Data Scientist Intern

Internship, Research & Development

United States - NY, New York

Requisition ID



Medidata: Power Smarter Treatments and Healthier

People Medidata is leading the digital transformation of life sciences, creating hope for millions of patients. Medidata helps generate the evidence and insights to help pharmaceutical, biotech, medical device and diagnostics companies, and academic researchers accelerate value, minimize risk, and optimize outcomes. More than one million registered users across 1,900+ customers and partners access the world's most trusted platform for clinical development, commercial, and real-world data. Medidata, a Dassault Systèmes company, is headquartered in New York City and has offices around the world to meet the needs of its customers. Discover more at and follow us @medidata.

At Medidata, interns will have the opportunity to accelerate their careers by working closely with experienced professionals and gain valuable, hands-on, full-time work experience.  By being a part of our global organization, interns have the opportunity to work alongside our talented and committed professionals helping them to build a strong foundation for achieving their career goals.  For 12 weeks, beginning May 20, 2024, interns will have an opportunity to gain a deep understanding of what it means to be a Medidatian. United around a single goal of empowering smarter treatments and healthier people.  Medidatians work in a culture of curiosity, innovation and fun.  You will be contributing to the line of business with sustainable and meaningful work. Our Summer Internship program also includes instructor led training, guided mentorship, exposure to senior leadership and community service.  In addition to individual and specific related responsibilities, each intern will participate in our Intern Innovation Lab.  Assigned to cross-functional teams, interns will work closely to develop an innovative solution to a business problem currently facing Medidata.  As they work diligently to present their final solutions to a panel of top Medidata leaders, we are confident that our interns will make a significant impact on our business.

The Position: We are seeking an intern to play a key role in our dynamic team, driving innovative research in synthetic data generation and deriving insights from clinical trial data using LLM-based solutions. Utilizing industry-leading data assets and analytical models, our team is dedicated to transforming the clinical development industry, ensuring both clinical and operational success for our clients and partners.
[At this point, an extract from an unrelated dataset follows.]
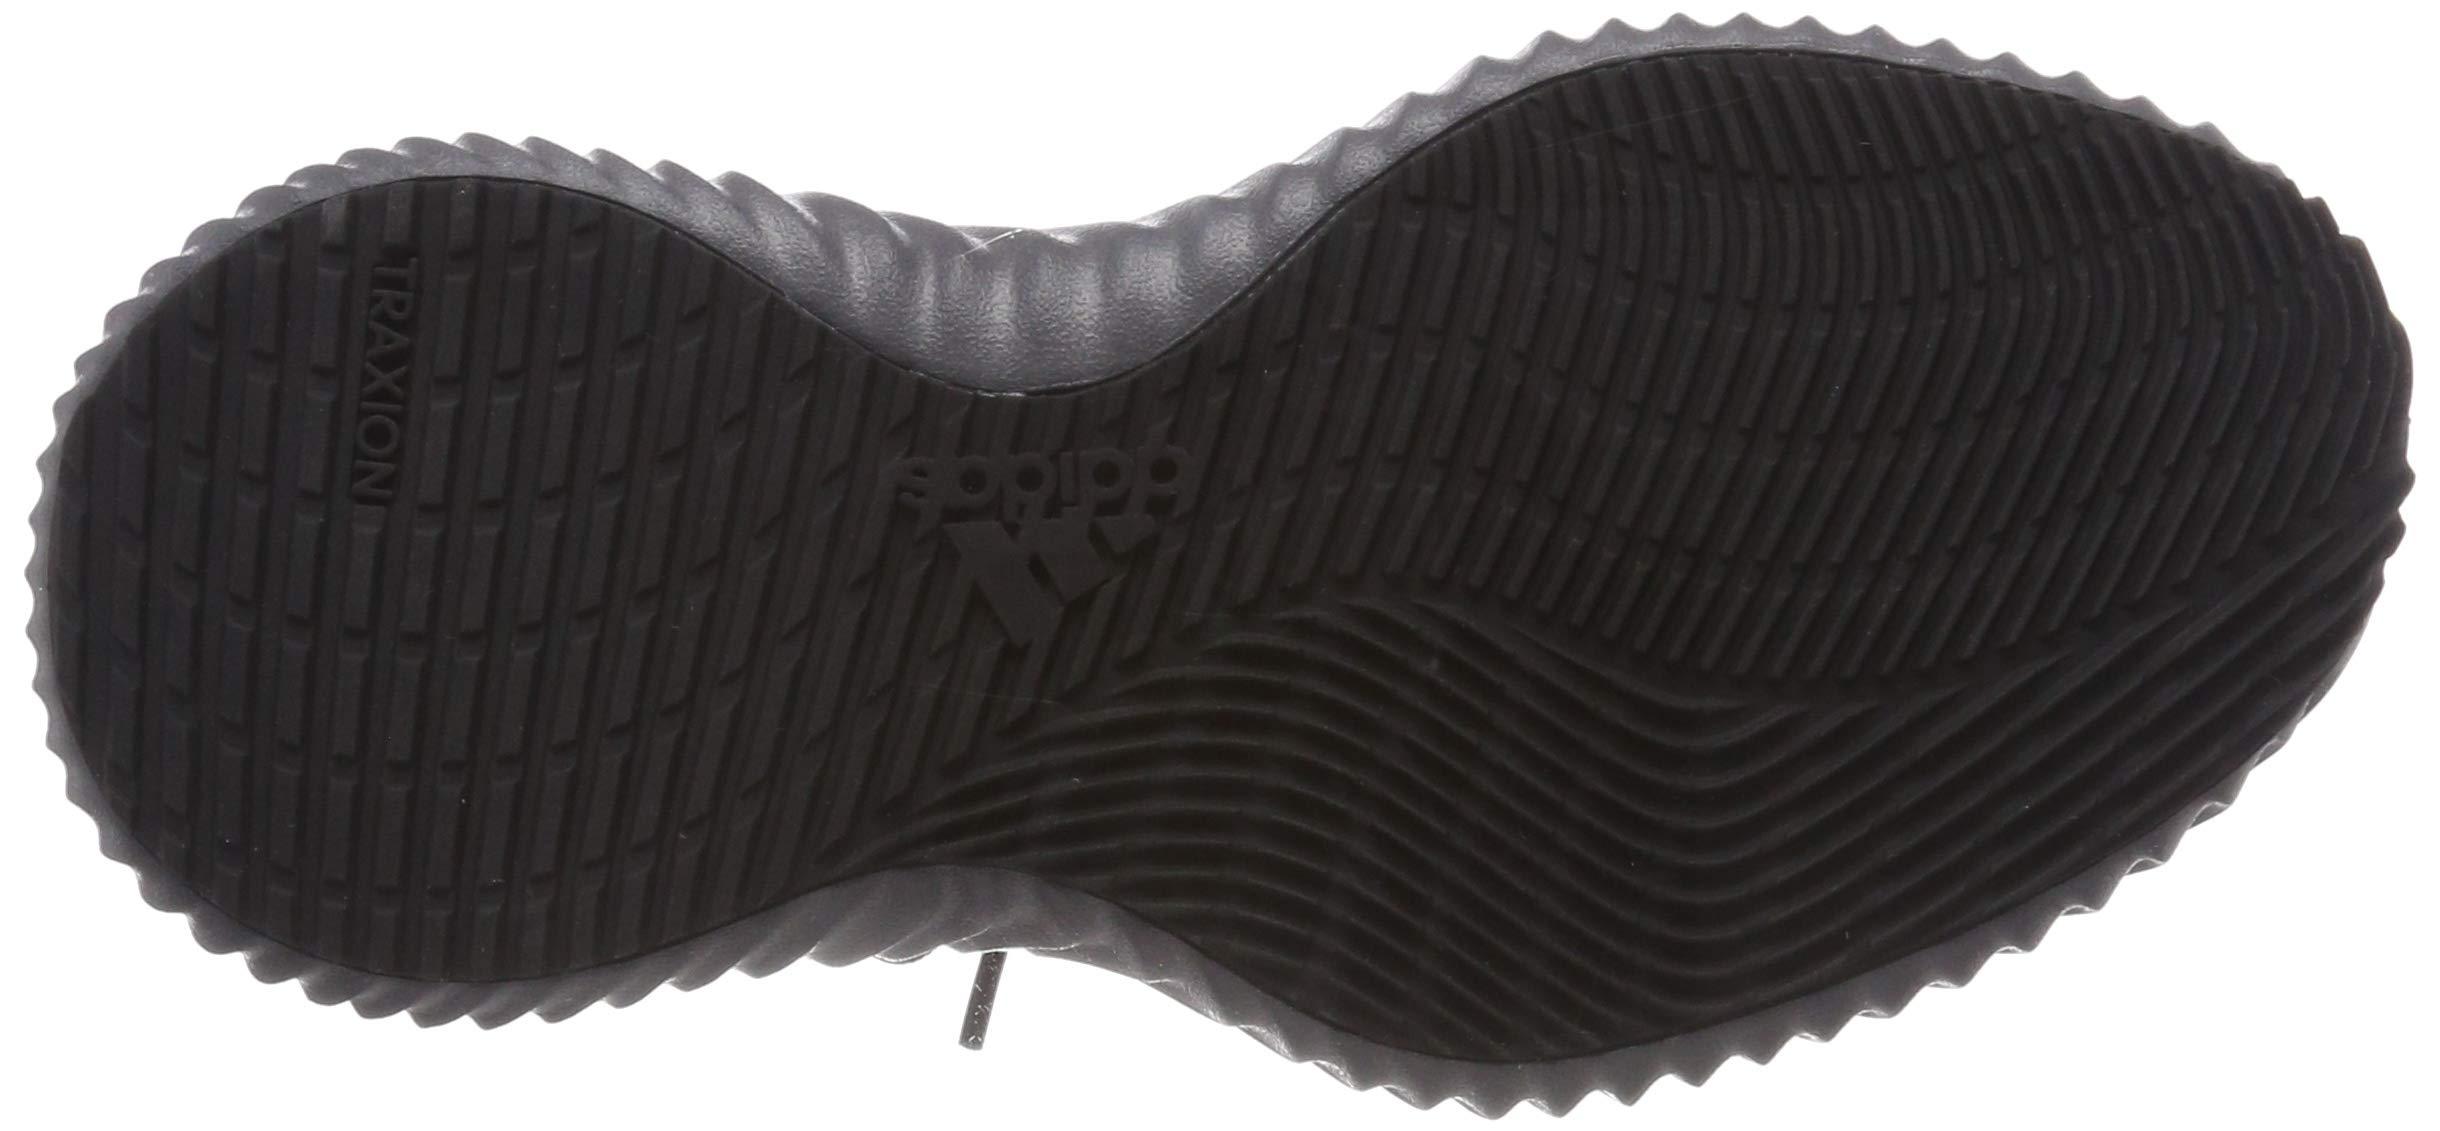 Adidas Alphabounce Trainer W 3 spesavip

This key components of this internship are:

  • Performing research and development in the area of synthetic data generation and LLMs
  • Implementing and evaluating algorithms based on research literature
  • Creating, documenting, and maintaining code
  • Reporting findings to internal teams

This project centers on leveraging generative models to enhance the generation of synthetic clinical trial data and derive valuable clinical insights. The scope of the project includes, processing and training generative models using large-scale, complex clinical datasets and external data sources. Key aspects of the project encompass data standardization, feature extraction, identification of external data for augmentation, model development, and evaluation. Collaborating with the Medidata AI Synthetic Data Science team, specialists in clinical trial datasets, this role focuses on building advanced models to extract clinical insights across disease indications. The project demands expertise in longitudinal datasets, machine learning, deep learning, LLMs, NLP/NLU models, and/or generative AI models to craft a cutting-edge solution for processing and extracting insights from clinical trial longitudinal datasets.

Your Requirements:

  • Strong performance in a Bachelor's program in Data Science, Mathematics, Statistics, or Computer Science.
  • Proficiency in Python (with pandas) that allows self-sufficiency in analyzing tabular and longitudinal data. 2+ years experience with Machine Learning and AI, with a focus on areas such as NLP, Deep Learning, Language Modeling, and/or Generative Modeling. Ability to apply statistical analysis techniques.
  • Competence in utilizing ML techniques including Transformers, LSTM, GANs, CNNs, VAEs or other deep gradient-based methods.
  • Demonstrated ability to think creatively, independently access and analyze data, and effectively evaluate both the big picture and key details.
  • Excellent interpersonal, verbal, and written communication skills.
  • Strong time management and problem-solving abilities.
  • Capable of multitasking in a fast-paced environment, with the ability to prioritize deliverables for optimal results.

As with all roles, Medidata sets ranges based on a number of factors including function, level, candidate expertise and experience, and geographic location. The salary range for positions that will be physically based in New York, NY is $32.00 to $37.00 per hour with a $3,500 sign on bonus.


As a game-changer in sustainable technology and innovation, Medidata, Dassault Systèmes company, is striving to build more inclusive and diverse teams across the globe. We believe that our people are our number one asset and we want all employees to feel empowered to bring their whole selves to work every day. It is our goal that our people feel a sense of pride and a passion for belonging. As a company leading change, it’s our responsibility to foster opportunities for all people to participate in a harmonized Workforce of the Future.